ZWISCHEN DEN RILLEN
: Glasklar und voller Sehnsüchte

Josephine Foster & the Victor Herrera Band: „Perlas“ (Fire Records/Cargo)

Josephine Foster eignet sich den Ton der Volkslieder an, wischt die Patina nicht weg

Die ästhetische Erziehung eines Menschenkindes ist verschlungen und unvorhersehbar. Das Tönen und Raunen der Welt kann in die abgelegensten Winkel des Erdenballs und der Seele vordringen und Keime setzen, die später in die wunderlichsten Richtungen sprießen. Bei Josephine Foster, im US-Bundesstaat Colorado gebürtig, muss es in dieser Hinsicht besonders wild und geräuschvoll zugegangen sein.
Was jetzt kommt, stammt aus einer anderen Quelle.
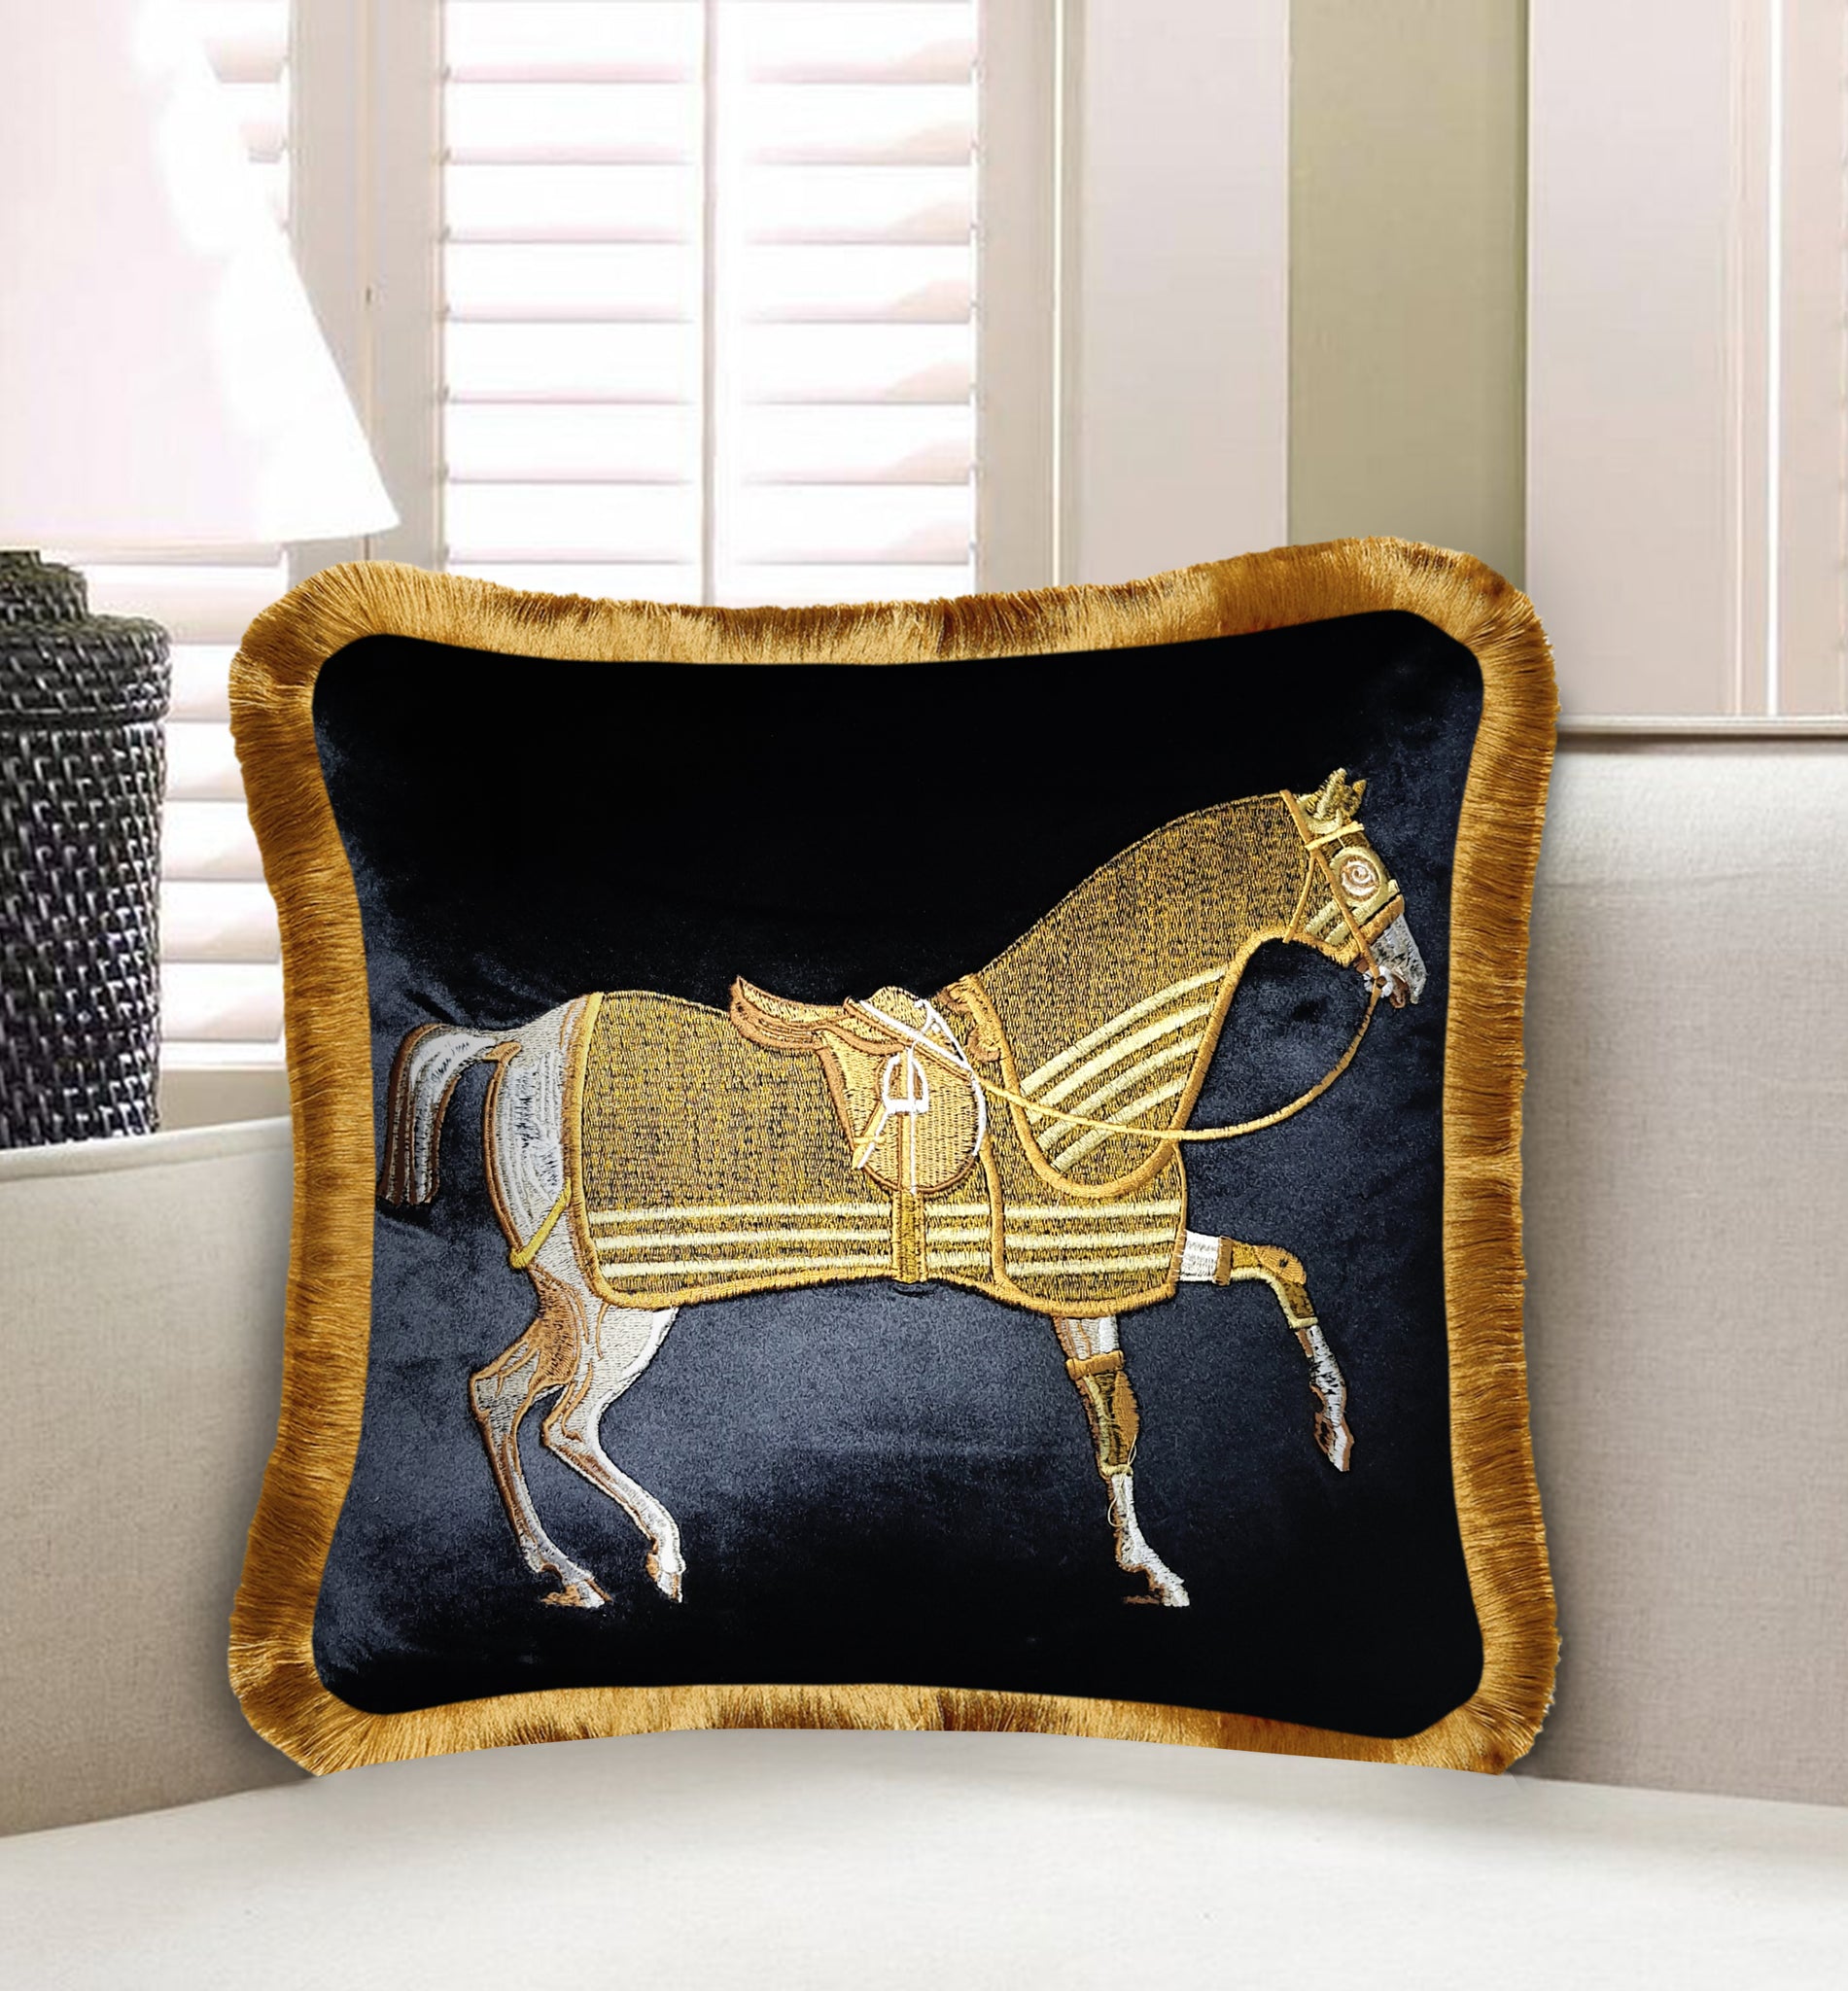 Beige Gold Luxury Classic Horse Embroidery Baroque Style Decorative Cushion Cover Pillow Case Home European Sofa Throw Pillow 45x45 cm 18x18 Inches

Opernsängerin wäre sie gerne geworden, was man Foster immer ein wenig anhört. Auf halbem Weg dorthin trällerte sie bei Beerdigungen und Hochzeiten, verdingte sich als Gesangslehrerin in Chicago, spielte in diversen Bands, besann sich schließlich auf ihr Talent als Songschreiberin. So entstanden Alben, die tatsächlich von ihrer wunderschönen und sich ans jeweilige Genre anschmiegenden Stimme zusammengehalten werden, von sonst aber nicht viel mehr.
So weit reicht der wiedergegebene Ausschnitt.